Crocodile or Alligator? He’ says he has the answer written in his stomach, just crawl in and find out…

It’s funny how life can bring unexpected connections sometimes. There I was, considering getting the box set of LAKE PLACID, and discovering that there was a fourth one out, LAKE PLACID: THE FINAL CHAPTER (Yeah, where have we heard that before?). I enjoyed the first movie, enjoyed the combination of dry wit, gruesome gore and Betty White swearing like a Marine. But I never got around to the sequels.

And then I read this little piece of real life horror, something that should perk the ears of some filmmaker out there.

There have been heavy rains of late in the Limpopo Province of South Africa, causing flooding which has killed at least ten people so far, including three children who died when their homes collapsed during heavy rain. Three more people are missing and hundreds have been left homeless, while several wildlife resorts have been devastated. The South African Air Force is being used to rescue people affected by the flooding in remote settlements, some of which are cut off. Flooding has also affected Kruger National Park and neighbouring Mozambique, where tens of thousands of people have been evacuated from their homes.
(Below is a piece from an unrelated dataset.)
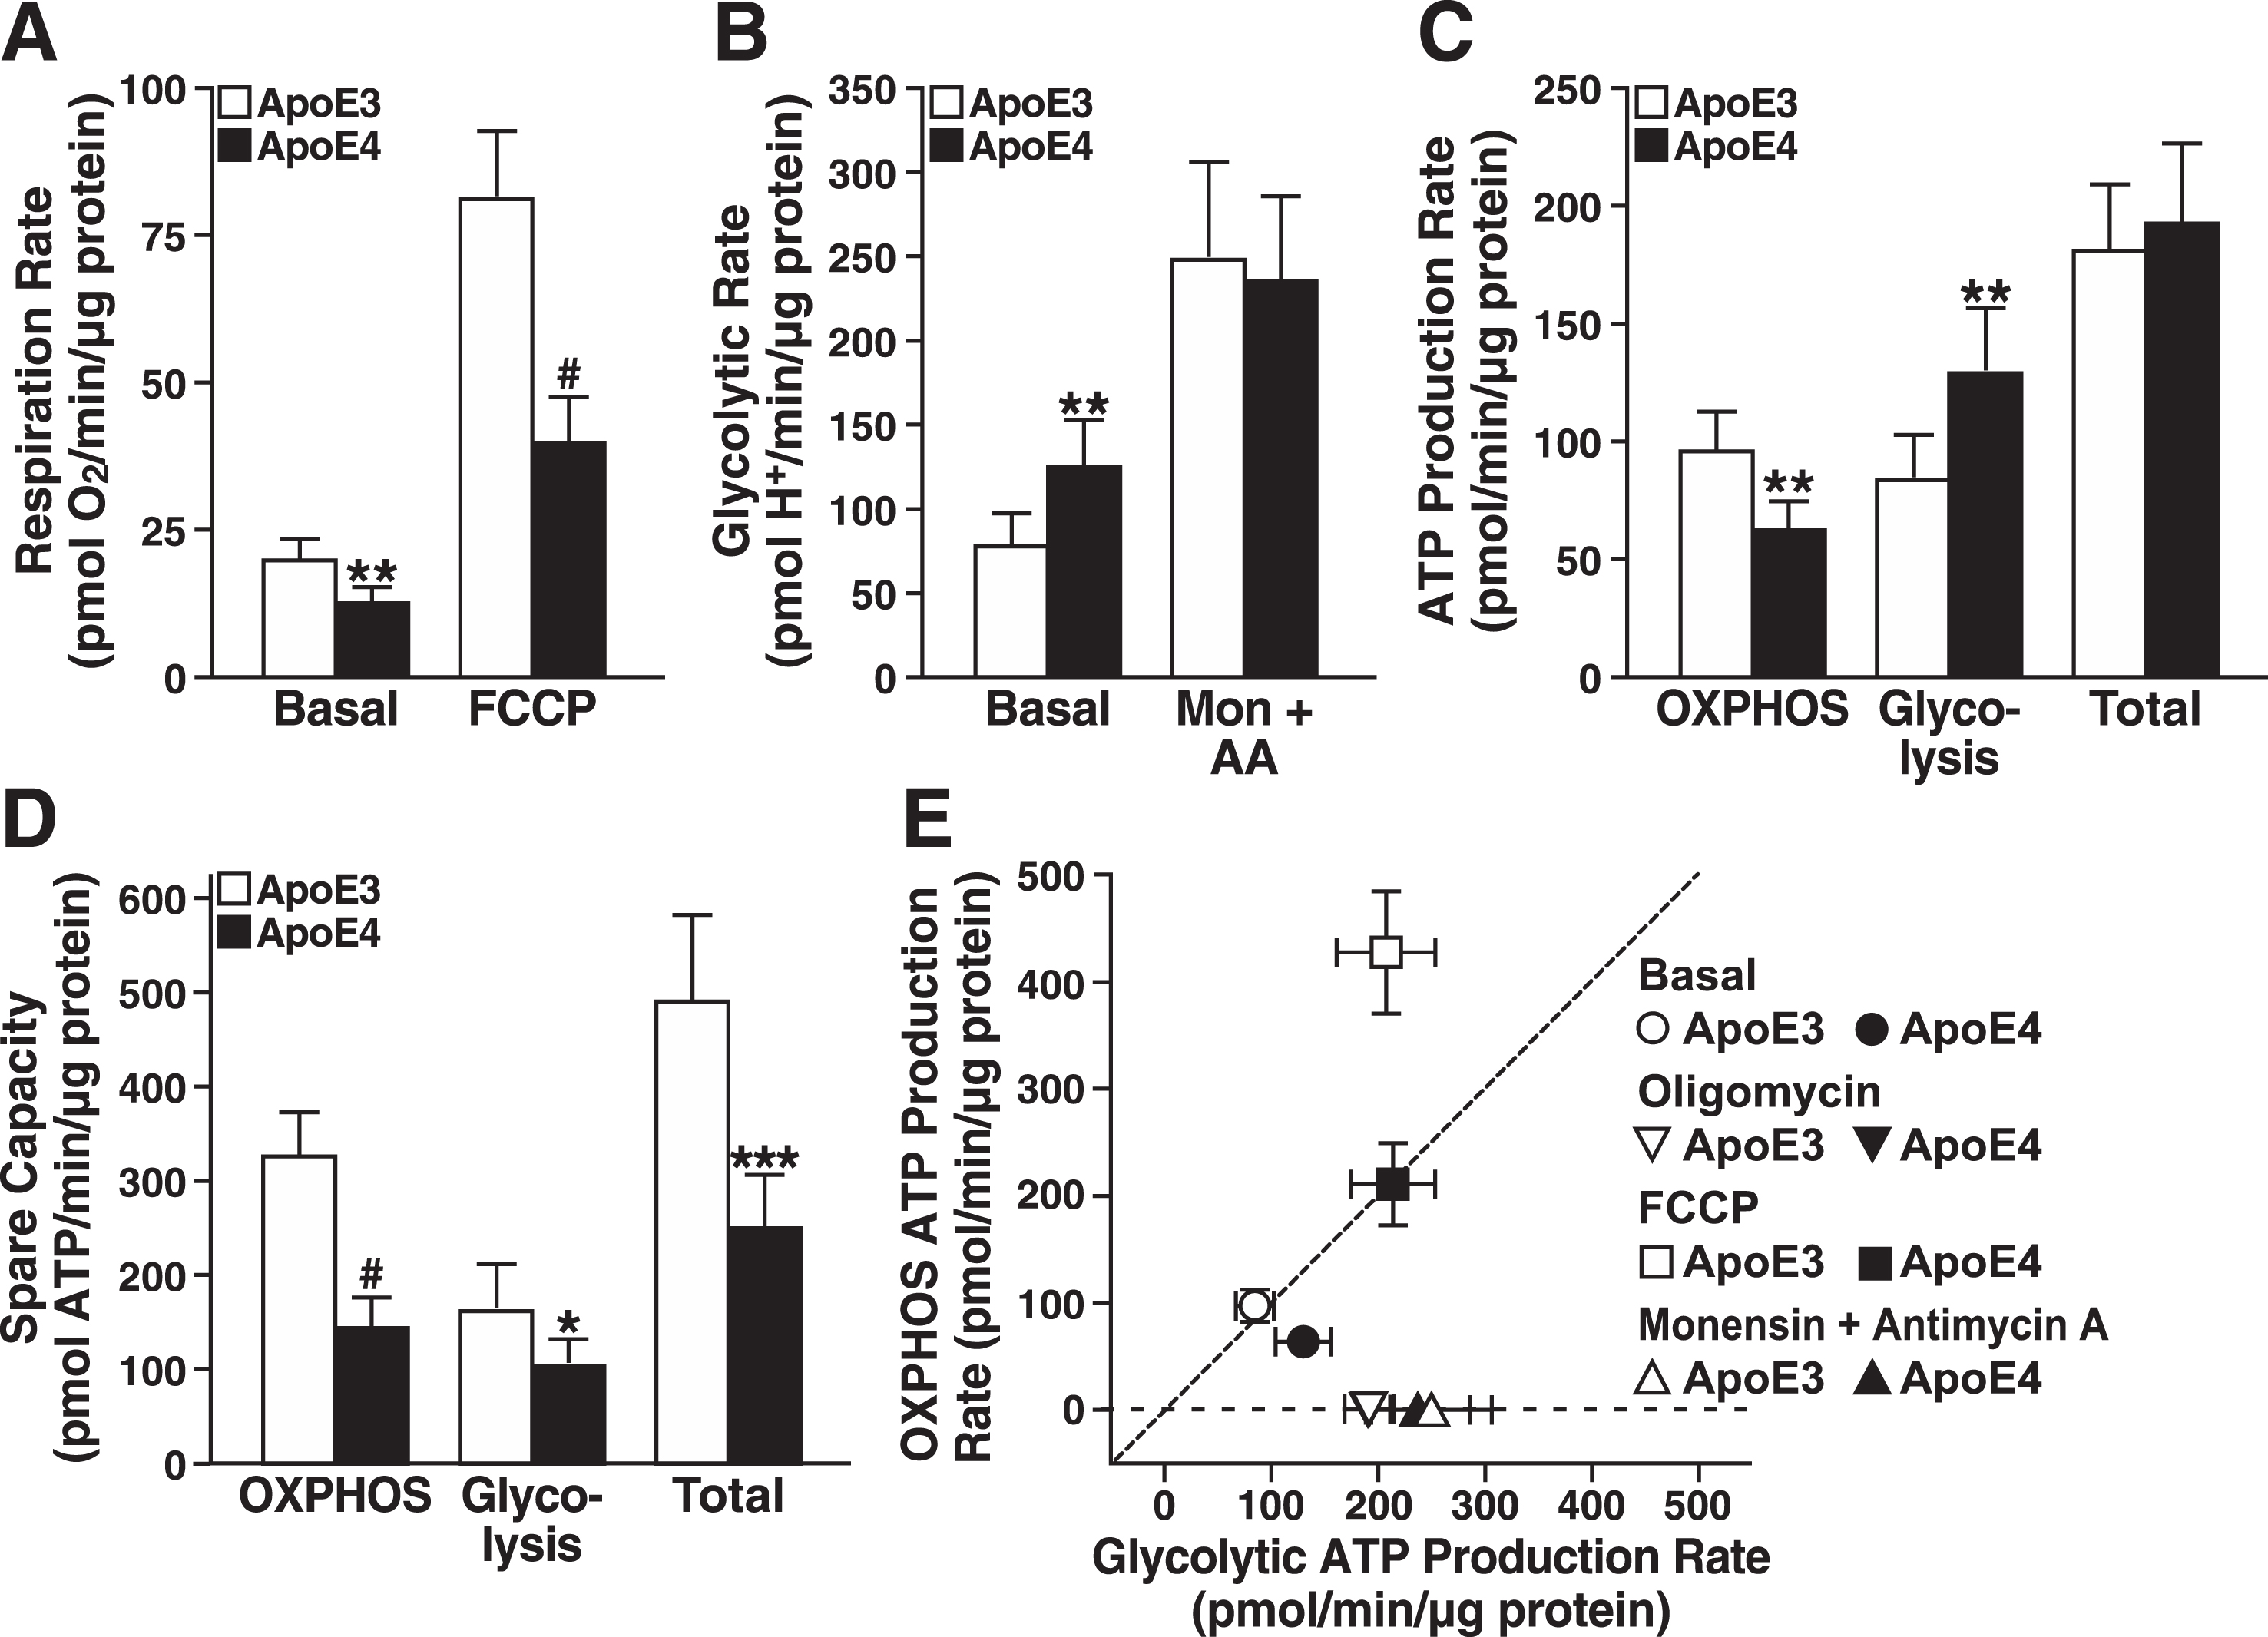 ApoE4 expression limits the bioenergetic capacity of neural cells. A) Respiration rates of N2a-apoE3 and N2a-apoE4 cells under basal and FCCP-stimulated conditions. B) Estimated glycolytic rates of N2a-apoE3 and N2a-apoE4 cells under basal and monensin- and antimycin A–stimulated conditions. C) ATP production rates calculated from mitochondrial and glycolytic rates under basal conditions in A and B. Total ATP production rate is the sum of OXPHOS and glycolytic rates for each cell line. D) Spare ATP production capacity for mitochondrial and glycolytic sources during maximal stimulation. E) Bioenergetic space plot of mitochondrial and glycolytic ATP production rates under basal, ATP-synthase inhibited (Oligomycin), respiration-stimulated (FCCP), or glycolysis-only stimulated (Monensin + Antimycin A) conditions. The dashed line marks the transition where cells generate over 50% of their ATP from OXPHOS (above dashed line) or from glycolysis (below dashed line). FCCP-stimulated ATP production rates are theoretically based on expected ATP from coupled mitochondria respiring at the same rate. A–E, values are mean±SD (n = 6). *p < 0.05, **p < 0.01, ***p < 0.001, #p < 0.0001 versus N2a-apoE3 under same condition by t test. Mon, monensin; AA, antimycin A.

But that’s not what this article is about. It’s about the Rakwena Crocodile Farm on the Limpopo River. It has a campsite, facilities for birdwatching and eco tours. And it has crocodiles.

15,000 of them.

Well, it had them.

You can't have 15,000 of these guys together and not expect trouble...

You can’t have 15,000 of these guys together and not expect trouble…

On Sunday, January 20th, rains forced Johan Boshoff, the farm owner, to open the gates in advance of an anticipated storm surge that could have threatened the walls of his house, and release the crocodiles into the dense bush around the Limpopo. The farm bred the crocodiles for food (apparently it has a texture like scallops or lobster and tastes like chicken, if you can excuse the cliché), and their hides are used as leather for shoes, belts, rifle slings and handbags, which could be purchased at the farm, if you ever visit. Crocodile skin is considered one of the finest and best, being soft and durable, and i In many tribal societies, skin crocodile is used as a symbol of high status. But only the skin on the belly has these qualities; the back skin is covered in bones (called osteoderms) which deflects arrows, spears and even bullets.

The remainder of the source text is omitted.